Synopsis: I built a Fashion Image Classifier that runs on open datasets and standard tools. The goal was to train a model, package the code, and publish an app. Repository structure README.md app.py infer.py requirements.txt train.py models/fashion_cnn.pt This tree shows every file that I pushed to GitHub. Each part is explained...

I built a Fashion Image Classifier that runs on open datasets and standard tools. The goal was to train a model, package the code, and publish an app.

Creating my own AI Fashion Image Classifier

Repository structure

README.md
app.py
infer.py
requirements.txt
train.py
models/fashion_cnn.pt

This tree shows every file that I pushed to GitHub.

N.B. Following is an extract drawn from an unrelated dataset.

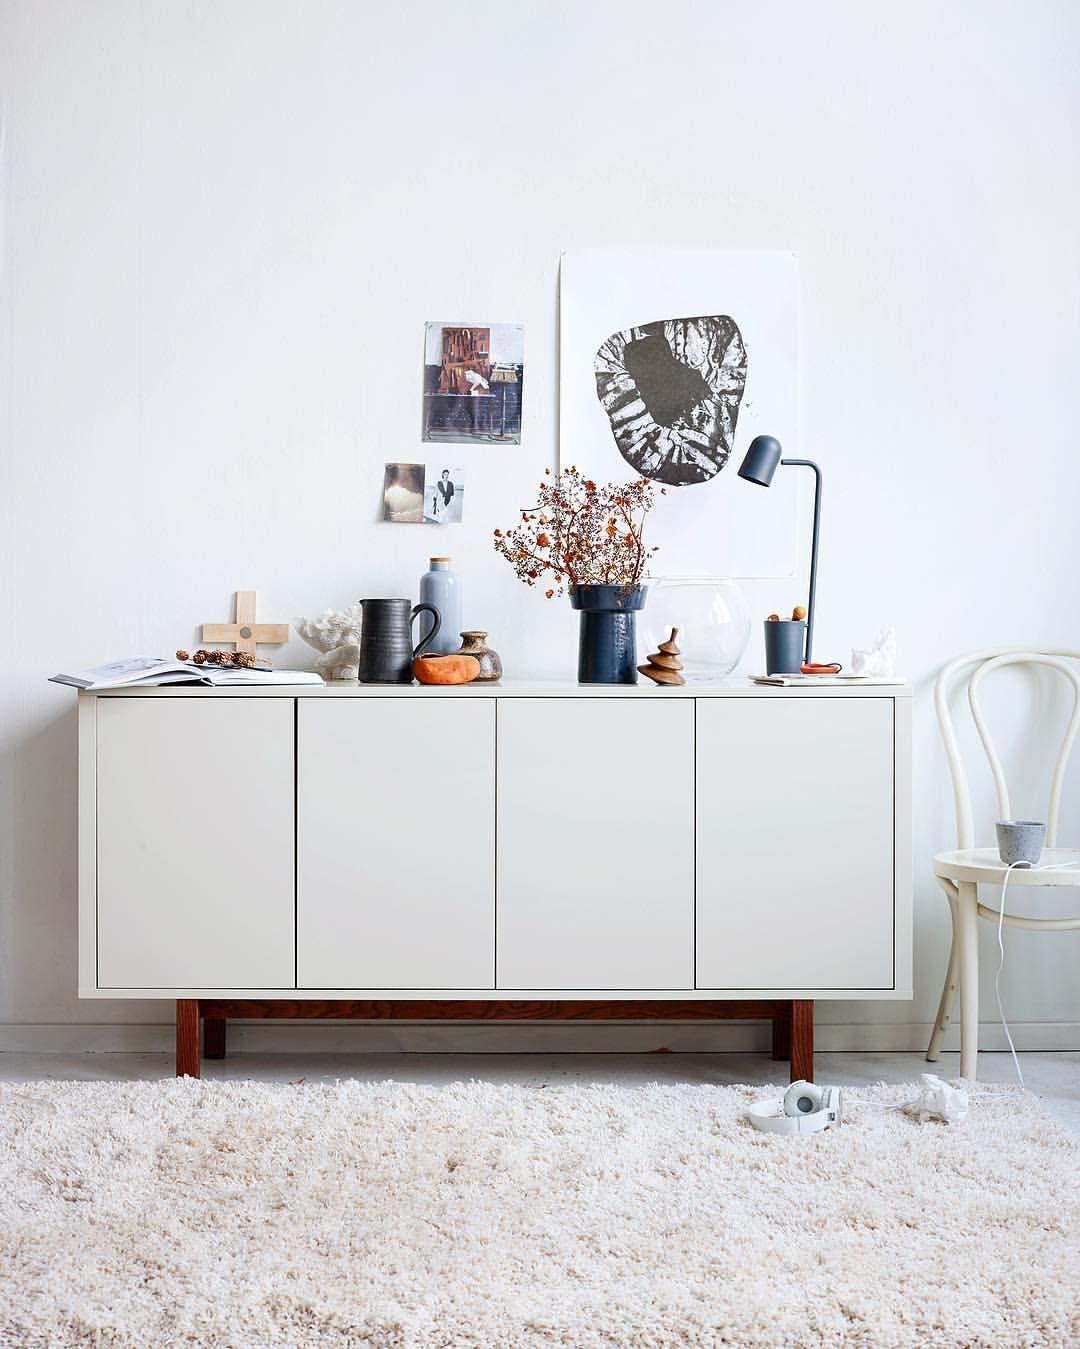 Ikea Swedish Furniture In Bangkok: Ikea 'Stockholm' Sideboard

Each part is explained in the sections below with full code and commentary.

Environment and dependencies

`requirements.txt`

torch
torchvision
torchaudio
streamlit
numpy
pillow

This documentation file tracks instructions, notes, and project background.

Model training

`train.py`

# train.py
# Train a CNN on Fashion-MNIST and save weights to models/fashion_cnn.pt

import numpy as np
from pathlib import Path

import torch
import torch.nn as nn
import torch.nn.functional as F
from torch.utils.data import DataLoader
from torchvision import datasets, transforms

# ----------------------------
# Config
# ----------------------------
BATCH_SIZE = 128
LR = 1e-3
EPOCHS = 15
PATIENCE = 3  # early stopping if no val improvement
NUM_WORKERS = 2
DEVICE = torch.device("cuda" if torch.cuda.is_available() else "cpu")

MODEL_DIR = Path("models")
MODEL_DIR.mkdir(parents=True, exist_ok=True)
CKPT_PATH = MODEL_DIR / "fashion_cnn.pt"

CLASSES = [
    "T-shirt/top", "Trouser", "Pullover", "Dress", "Coat",
    "Sandal", "Shirt", "Sneaker", "Bag", "Ankle boot"
]

def get_dataloaders(batch_size=BATCH_SIZE):
    tfms = transforms.Compose([transforms.ToTensor(),
                               transforms.Normalize((0.5,), (0.5,))])
    train_full = datasets.FashionMNIST(root="./data", train=True, download=True, transform=tfms)
    test = datasets.FashionMNIST(root="./data", train=False, download=True, transform=tfms)

    val_size = 5000
    train_size = len(train_full) - val_size
    gen = torch.Generator().manual_seed(42)
    train, val = torch.utils.data.random_split(train_full, [train_size, val_size], generator=gen)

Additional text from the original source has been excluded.